As I have indicated, there is an entire lack of analysis of this dependence upon the social environment. At one time the author implies that the social complex is an antecedent objective environment existing before the consciousness of which it is the substratum in some sense. At another he implies that there is a general social consciousness out of which the individual consciousness arises. While seeming to reject Wundt's position that this social consciousness must appear in that of individuals, he nowhere discusses adequately this assumption, nor its relation to a theory of cognitive consciousness.
Add to this that the author assumes that the events in the world of
(401) consciousness may result from causation without any fixed or recurrent series, and finally that, following the steps of Tarde, he suggests that the social world is but young in comparison with the physical; that the countless ages requisite to account for the building up of the solar system and the surface of one of its planets have resulted through continuous evolution in an almost unvarying course of events; that the social world is by comparison but in an age of chaos, comparable to the early nebular stage of the solar system; that the scientists who should have speculated in the beginnings of the nebular period could not have possibly predicted the coming events within the system as they can now predict with certainty an eclipse; and we see that a great variety of considerations on entirely different logical levels are brought forward. At one point he suggests that a coming period is conceivable when such an evolution shall have taken place within the social world, that a complete integration of society will take place, so that the processes of law and method will have completely passed into the consciousness of mankind and all its actions will be determined, as are the mechanical events of the physical world. At another point he implies that the initiative of consciousness makes any such result an impossibility.
When we turn to M. Draghicesco's book on the role of the individual in social determinism, we find a more detailed effort to prove the identification of sociology and psychology, which is the ultimate thesis of his brochure. He again insists that the physical world cannot be the ground for the explanation of consciousness because of the extreme complexity of the conscious content. For the author the physical world is extremely simple, made up of series which are ever recurring without exception, offering no variety on the one hand nor any principle of synthesis on the other. Variety and synthetic activity are accepted as the conditions of our personal consciousness, and the infinite variety of the physical world and its syntheses are somewhat contemptuously dismissed as quite inadequate to the awakening of human reflective consciousness while they may suffice for the stimulation of the life processes of lower animal forms. It is then to the social environment that we must look for the conditions under which reflection can appear.

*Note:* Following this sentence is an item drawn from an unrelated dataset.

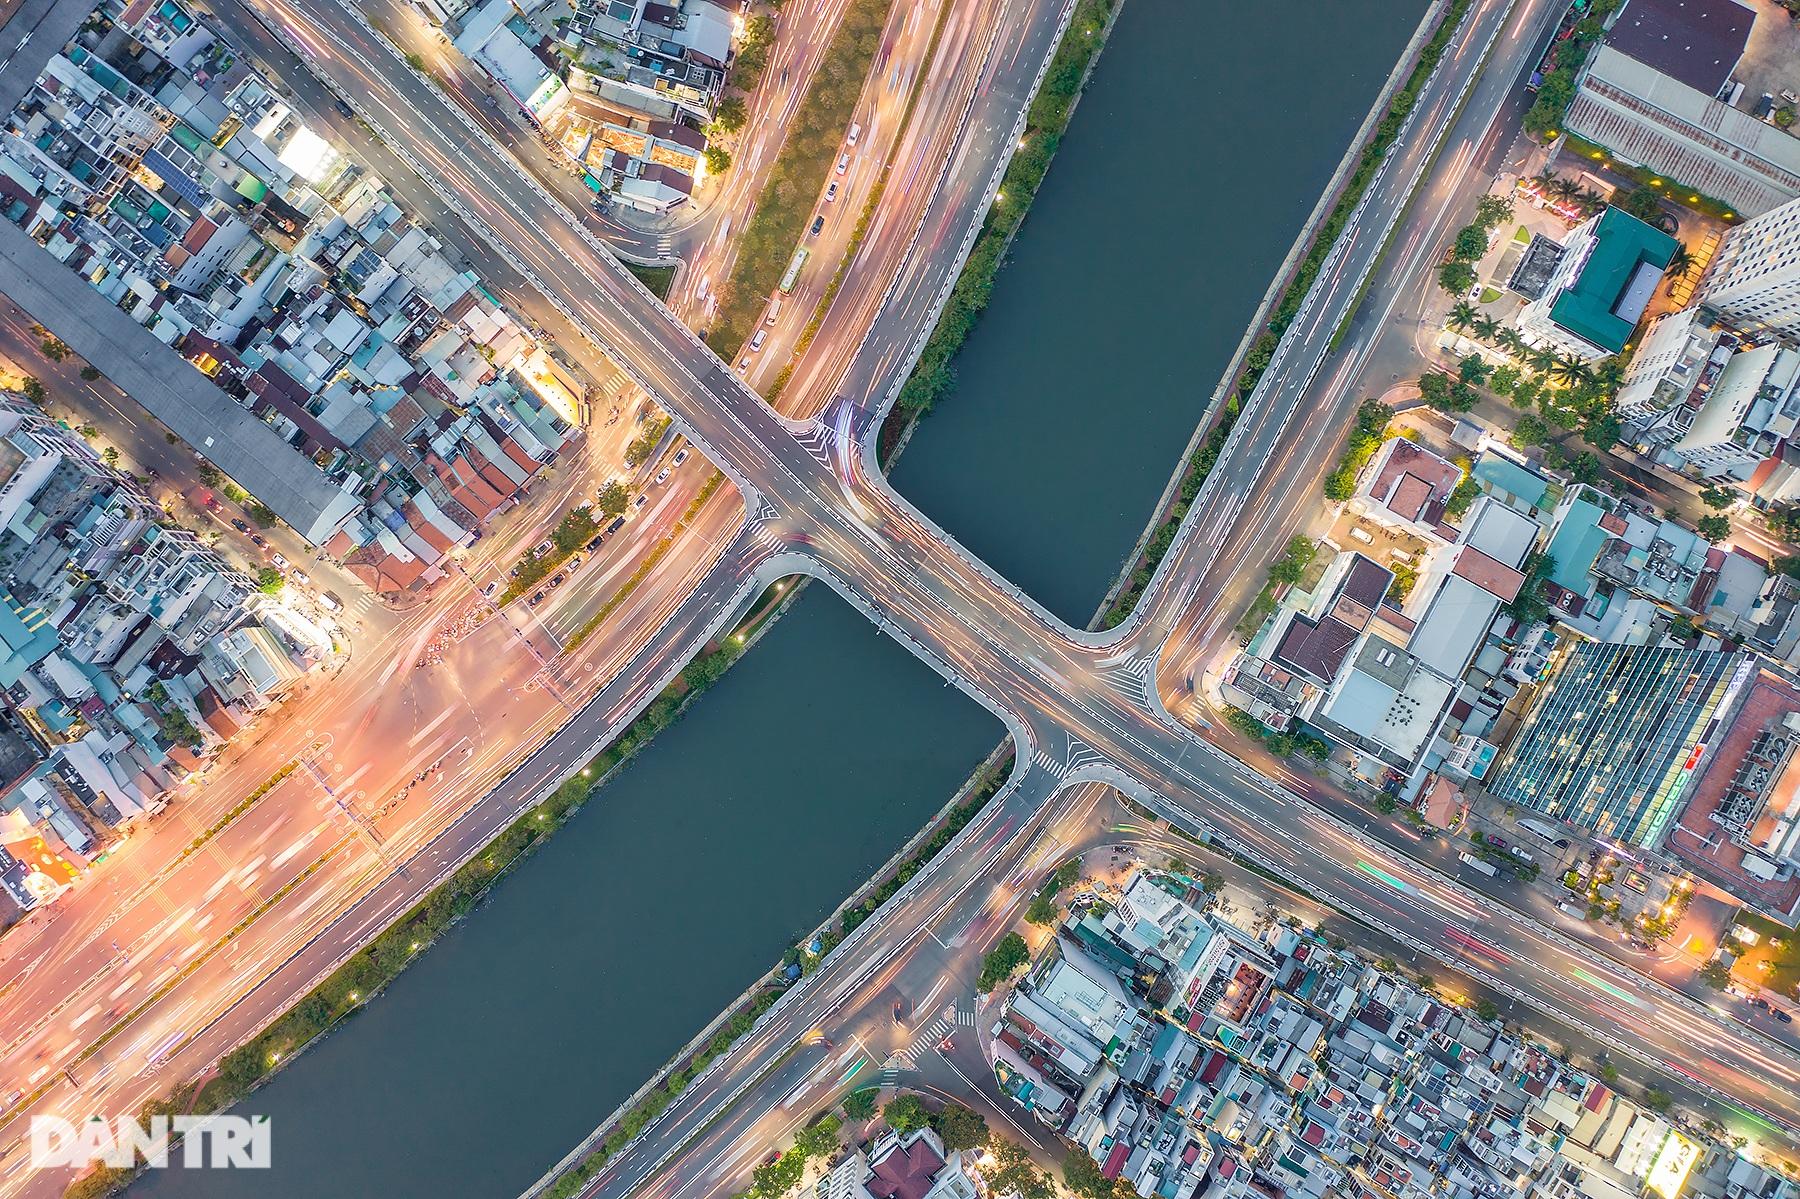 Thành phố Hồ Chí Minh - Vẻ đẹp của một Siêu đô thị hiện đại - 14

The social processes, furthermore, run parallel with the psychological. The whole
social evolution is a process of integration, and this integration has its two phases
which answer directly to the two demands of reflective consciousness. All history shows
society continually sweeping more and more communities into each other, while
(402) this very process of increasing the extent of society involves a differentiation of new social functions and a more profound organization than could have existed in any of the smaller communities. This movement is so continuous and incessant that no limit can be put to it except the final integration of the race, though step by step with this spread of community-life must go increased depth and intensity of social consciousness. Here, then, we have the continual occurrence of new and unceasing synthesis.

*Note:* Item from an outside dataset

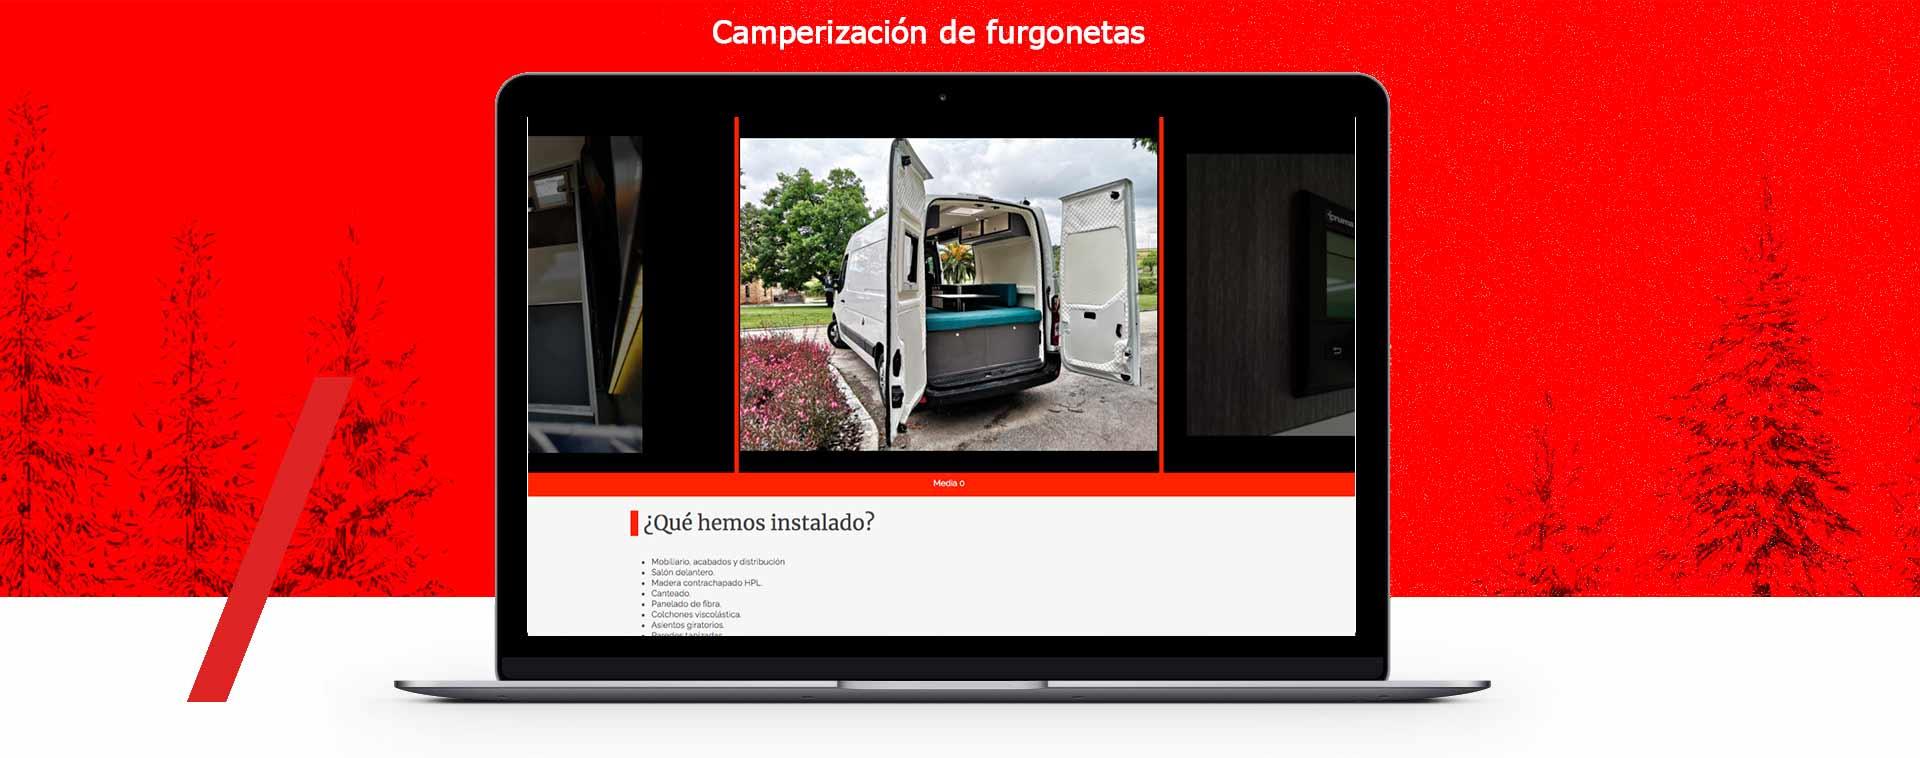 Presentacion diseño web Empresa cmaperizado de furgonetas en Barcelona

If we examine the processes of consciousness and the social processes more in detail we find that perception is expressed in terms of modern psychology as a form of suggestion, that association of ideas comes back to the processes of attention and repetition, and that attention is but the subjective expression of the prestige, the authority with which some element in the environment commands us, while repetition is an affair of education if we take education in its largest sense. But suggestion and prestige, authority and education can only be conceived from the social point of view. Advancing to imagination, it is to be identified with invention, and abstraction with the operation of social control through laws and customs, while voluntary activity finds its great and at bottom only expression in what M. Draghicesco defines as the genius. The genius is the individual who gives expression to the new law and through his identification with his environment on the one side, and his initiative on the other, impresses the idea upon the community, and raises the mass up to it, so that the idea becomes a part of the consciousness of the whole society. These social laws are inculcated on the younger generation through all the social institutions. The changes that take place must do so through the genius who makes advance possible, who is the social will. Advance is necessary because of the very process of continued social integration which involves ceaseless absorption of new content and as ceaseless new organization. The conclusion of the whole matter is that psychology is but applied pedagogy, the statement in terms of the individual process of the operations by which society controls its members and takes the steps in advance which a necessary social integration involves. Thus sociology and psychology become identified, being but the same science looking out upon the same field through different windows.
It seems to the reviewer a matter of no great importance that a complete parallelism
can be traced between consciousness and any environment which it knows. Knowledge is
universally recognized as constructive, so that such a parallelism between the process and
the product
(403) is but to be expected. Surely just what M. Draghicesco abuses the physiological psychologist for doing is what he has done with no better warrant as a social psychologist. The psychologist has pointed out that the physical world is made up of our representations, that its laws are but the associations of our ideas, and that its objects have the unity of our synthetic apperception. If it were conceivable that a consciousness could derive a power of synthesis from the syntheses which affect it through its environment, certainly these could be found in the world of physical science. James Mill deduced the association of ideas from the succession of events in physical nature about us. If the social stimulus can command our attention, certainly the physical has exerted this authority for still longer periods, and its objects have given forth the suggestions which native impulses have responded to naive perception. Natural law certainly presents classical instances of abstraction, and who shall draw the line between impulse and the will? There is, however, a problem brought out here which deserves a more profound analysis than is granted it by M. Draghicesco. It is the problem of the relation of the individual with whom psychology deals to the process of that consciousness as a whole. On the one side this is peculiarly a problem of social psychology, for the question at once arises as to whether the individual with whom the psychologist deals is the same as the individual of the sociologist. Our author insists that they are the same and that the sciences are but one science.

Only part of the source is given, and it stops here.